Standard Glass Lining Technology IPO Analysis 2025: Should You Subscribe?
Get a detailed overview of Standard Glass Lining Technology IPO, including GMP, Subscription Status, Financial Analysis, Risk Factors and Expert Verdict.
Standard Glass Lining Technology Ltd (SGLTL) launched its initial public offering (IPO) on January 06, 2025, with bidding set to close on January 08, 2025. The IPO, carrying a grey market premium (GMP) of 69%, received a solid response on the first day.
However, investors should get a clear understanding of both potential rewards and risks before subscribing. This IPO analysis provides a comprehensive review to help make an informed decision.
Standard Glass Lining Technology IPO Details
- Issue Details: Mainstream
- Issue Size: Rs 410.05 crore
- Fresh Issue: Rs 210 crore
- OFS: Rs 200.05 crore
- Price Band: Rs 133 – Rs 140
- Lot size: 107 shares
- Listing Date: January 13, 2025
Standard Glass Lining Technology IPO Subscription Status
The SGLTL IPO kicked off with a strong response, recording an overall subscription of 13.55 times as of 5 p.m. on the opening day. Non-institutional investors led the surge, oversubscribing their allotted shares by an impressive 26.12 times. Retail investors also showed strong interest with a 14.86 times subscription, while qualified institutional buyers (QIBs) registered a 1.8 times subscription rate.

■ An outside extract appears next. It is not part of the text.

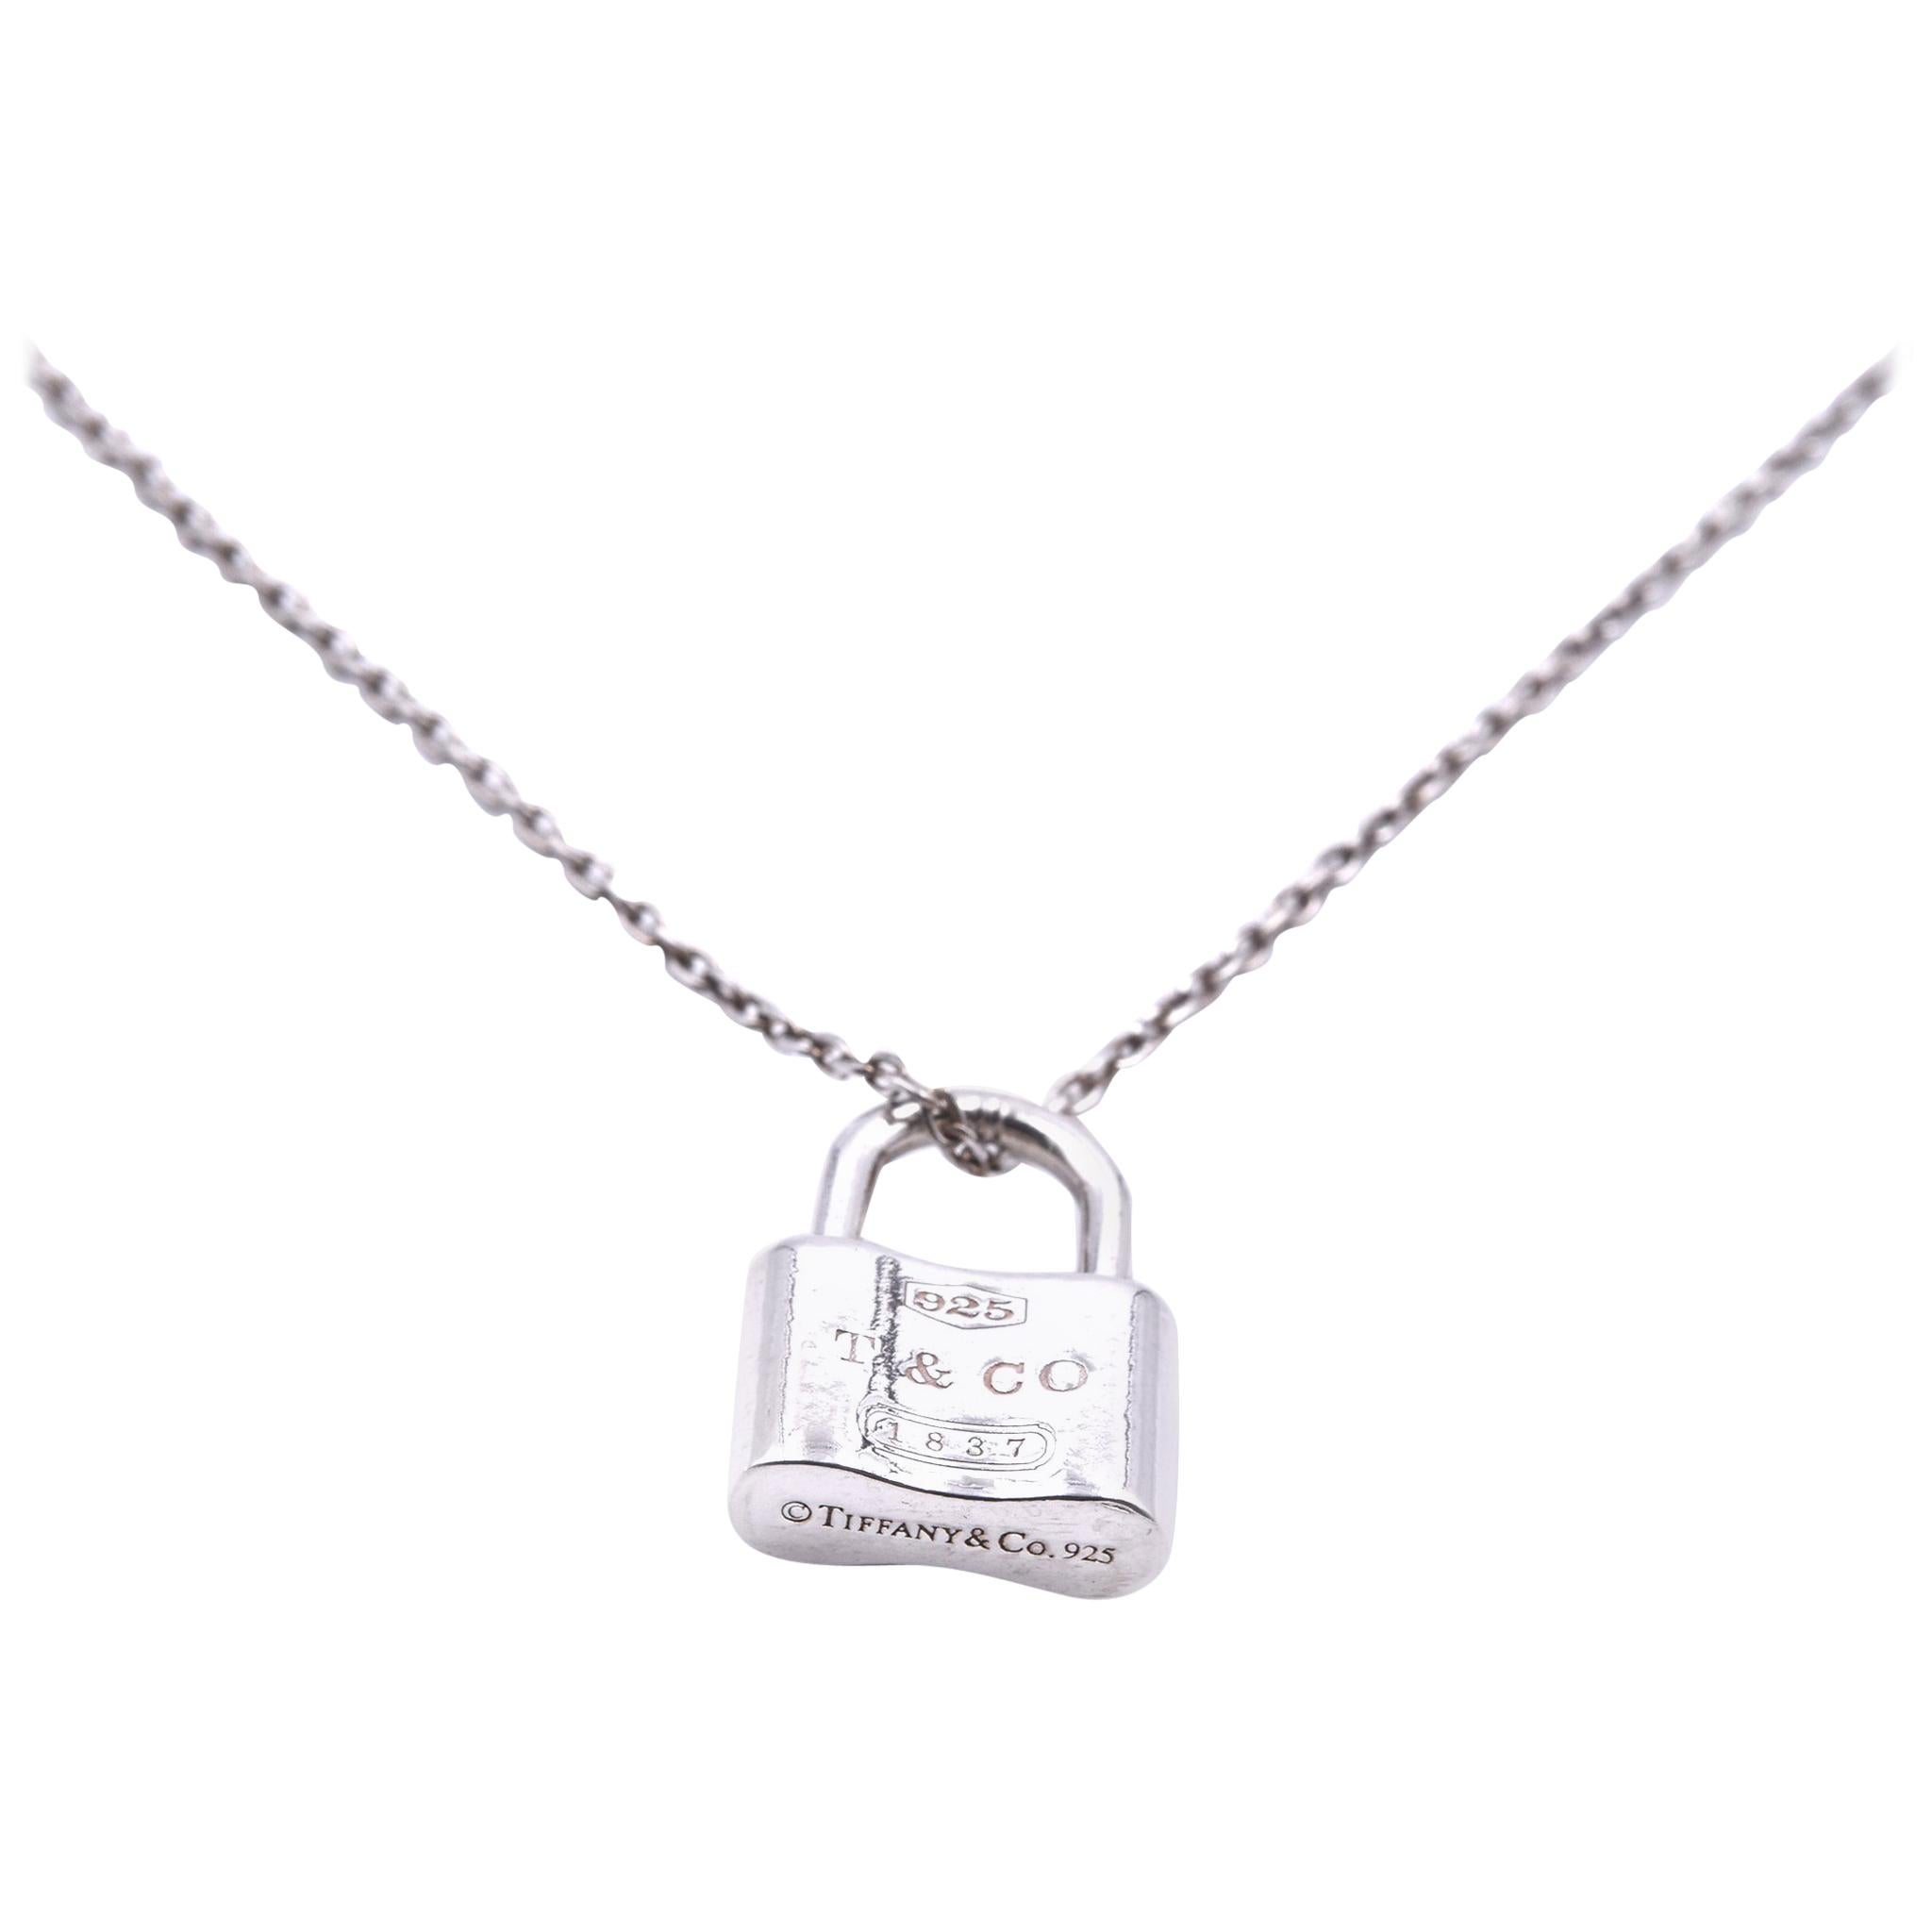 RePLAY  PADLOCK NECKLACE silver925 ネックレス アクセサリー メンズ 激安クリアランス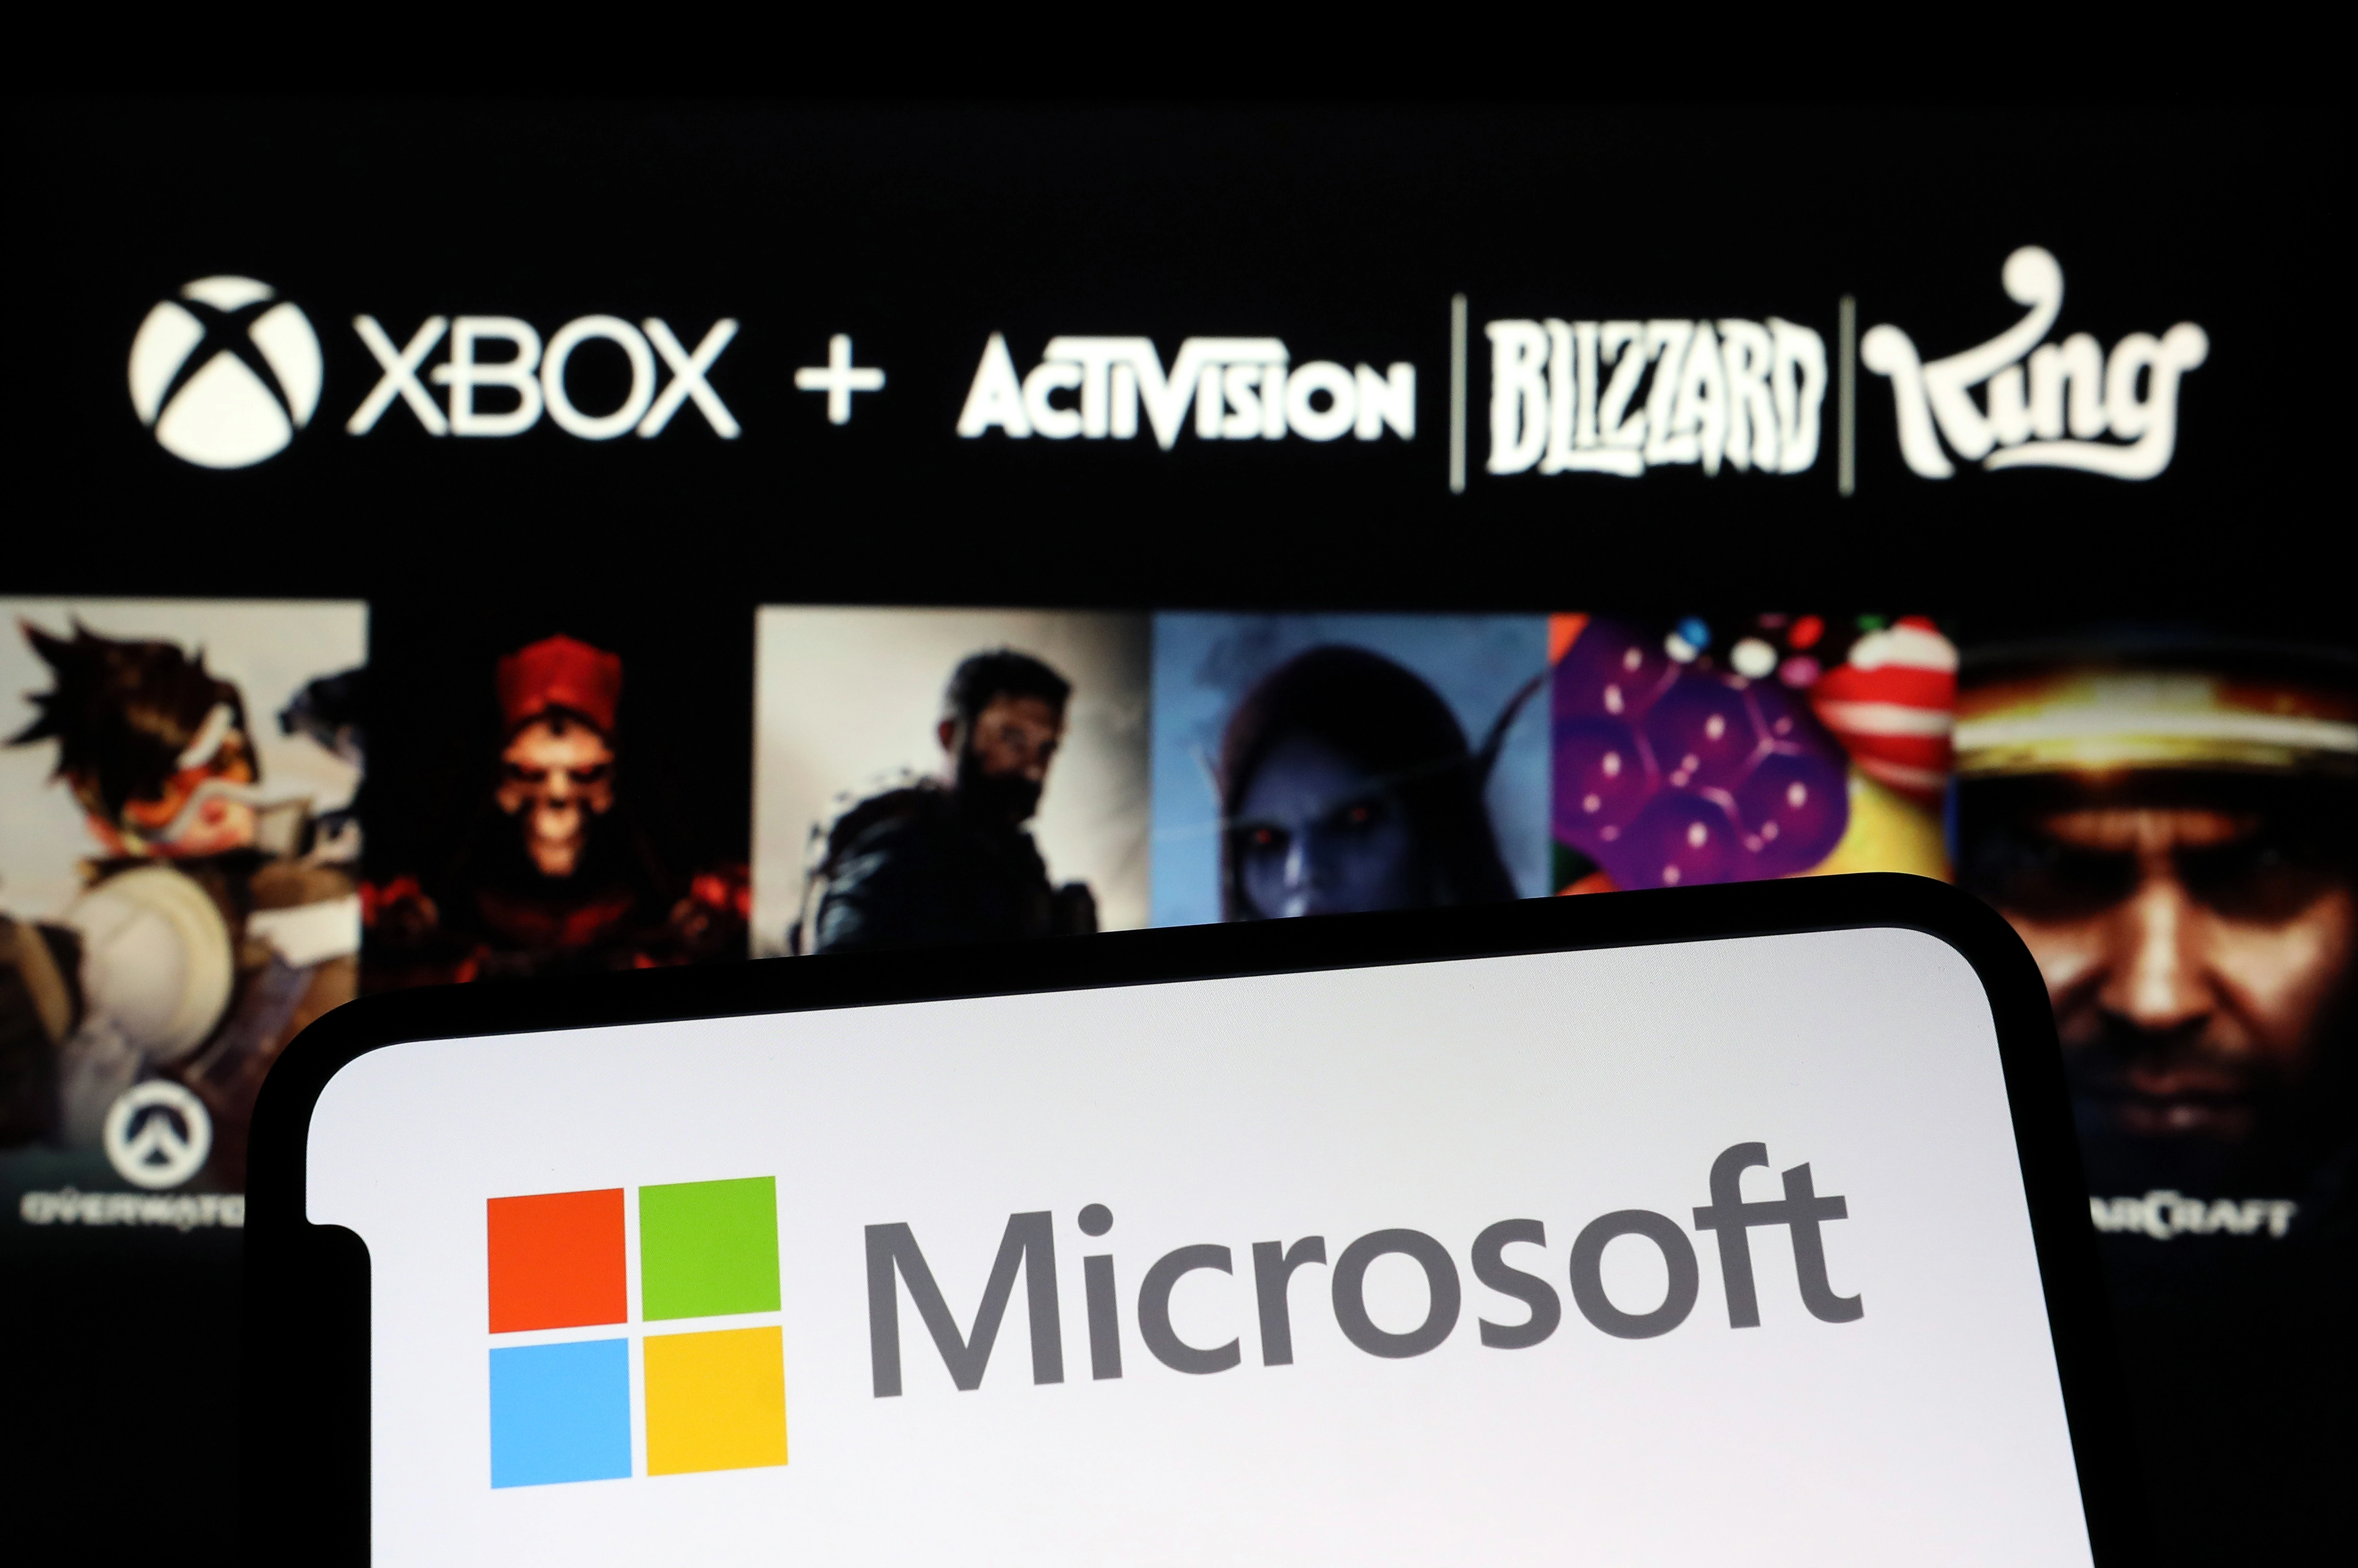 Microsoft Activision deal likely to be approved by EU regulators, Reuters reports

Overview of Standard Glass Lining Technology Ltd
SGLTL is one of India’s top five specialized engineering equipment manufacturers for the pharmaceutical and chemical sectors, offering in-house capabilities across the entire value chain. Its portfolio includes key equipment for manufacturing pharmaceutical and chemical products, categorized into Reaction Systems, Storage, Separation, and Drying Systems (SSD Systems), and Plant, Engineering, and Services, including ancillary components.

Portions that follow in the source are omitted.